To fit our linear mixed-effect regression model, we will use a stochastic approximation version of the Expectation Maximization algorithm (SAEM). The basic idea is to use samples from the posterior to approximate the expected joint log-density (E-step). Then we find the parameters which maximize this calculation (M-step).

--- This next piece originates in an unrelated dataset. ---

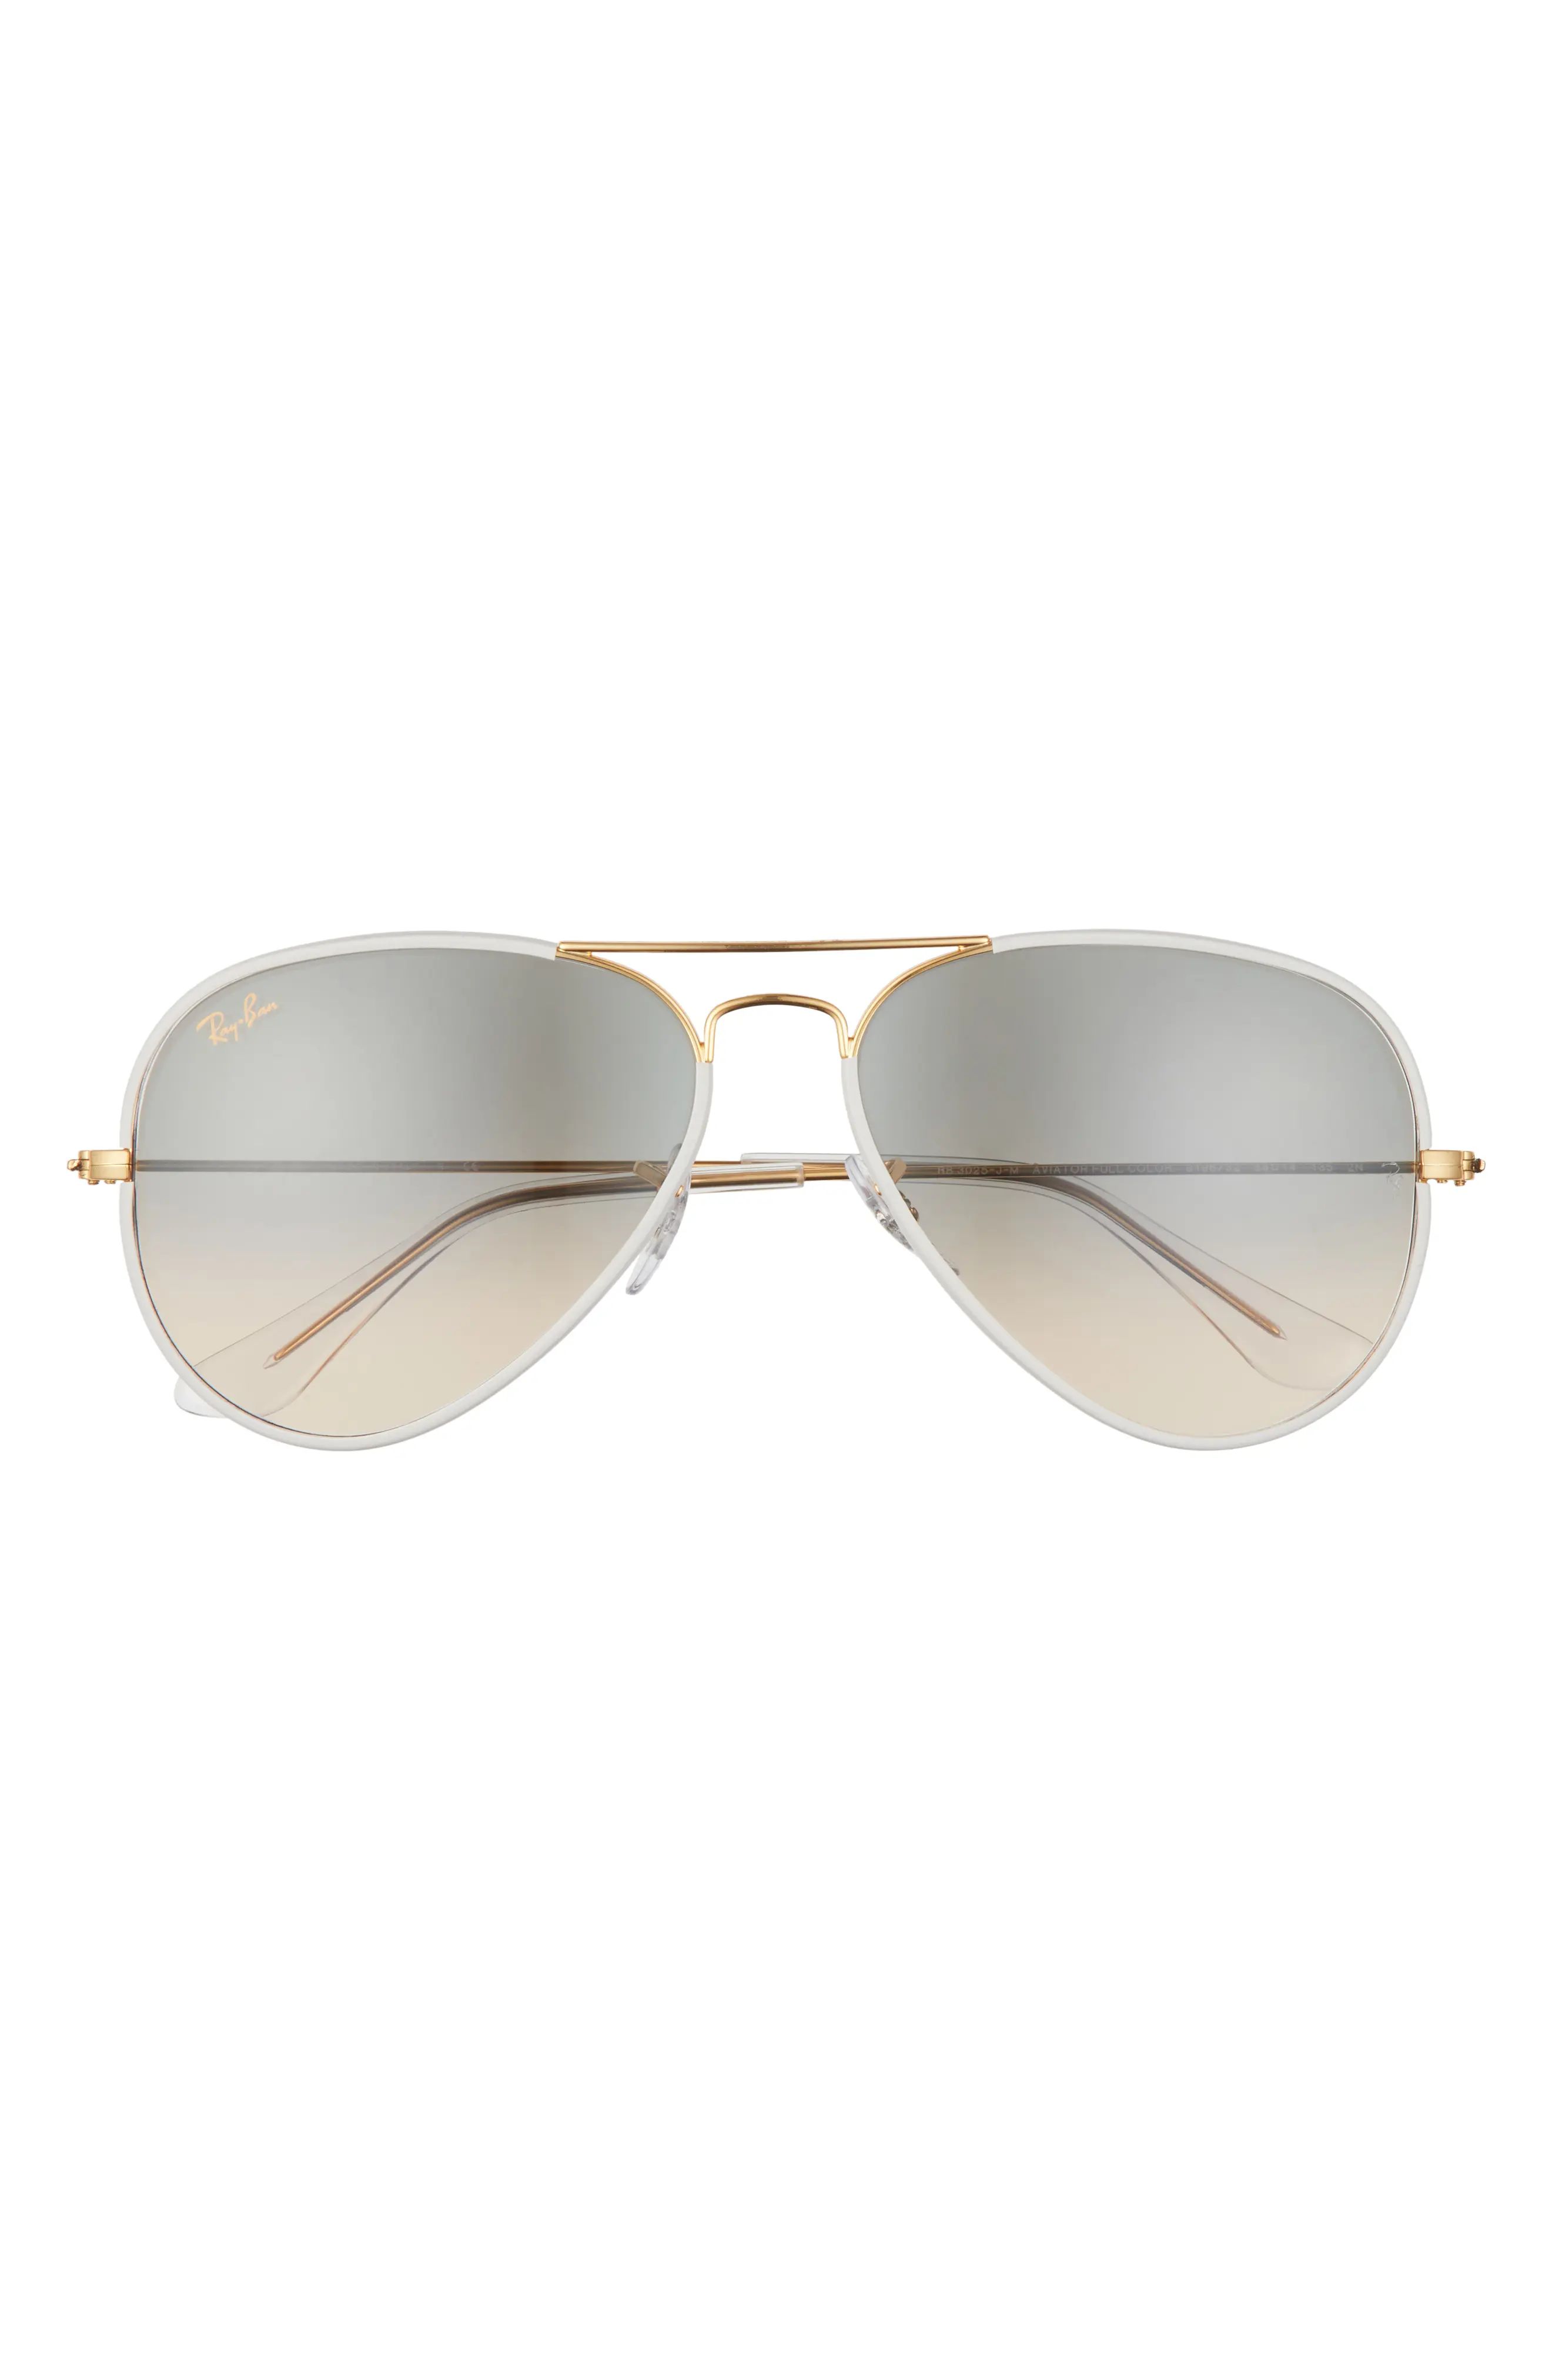 Women's Ray-Ban Aviator 58mm Sunglasses - Grey On Gold / Grey Gradient | Nordstrom

Somewhat more concretely, the fixed-point iteration is given by:

E[logp(x,Zθ)θ0]1Mm=1Mlogp(x,zmθ),Zmp(Zx,θ0)E-step=:QM(θ,θ0)θ0=θ0ηθQM(θ,θ0)θ=θ0M-step\begin{align*} \text{E}[ \log p(x, Z | \theta) | \theta_0] &\approx \frac{1}{M} \sum_{m=1}^M \log p(x, z_m | \theta), \quad Z_m\sim p(Z | x, \theta_0) && \text{E-step}\\ &=: Q_M(\theta, \theta_0) \\ \theta_0 &= \theta_0 - \eta \left.\nabla_\theta Q_M(\theta, \theta_0)\right|_{\theta=\theta_0} && \text{M-step} \end{align*}

where xx denotes evidence, ZZ some latent variable which needs to be marginalized out, and θ,θ0\theta,\theta_0 possible parameterizations.

For a more thorough explanation, see Convergence of a stochastic approximation version of the EM algorithms by Bernard Delyon, Marc Lavielle, Eric, Moulines (Ann. Statist., 1999).

To compute the E-step, we need to sample from the posterior. Since our posterior is not easy to sample from, we use Hamiltonian Monte Carlo (HMC). HMC is a Monte Carlo Markov Chain procedure which uses gradients (wrt state, not parameters) of the unnormalized posterior log-density to propose new samples.

Specifying the unnormalized posterior log-density is simple--it is merely the joint log-density "pinned" at whatever we wish to condition on.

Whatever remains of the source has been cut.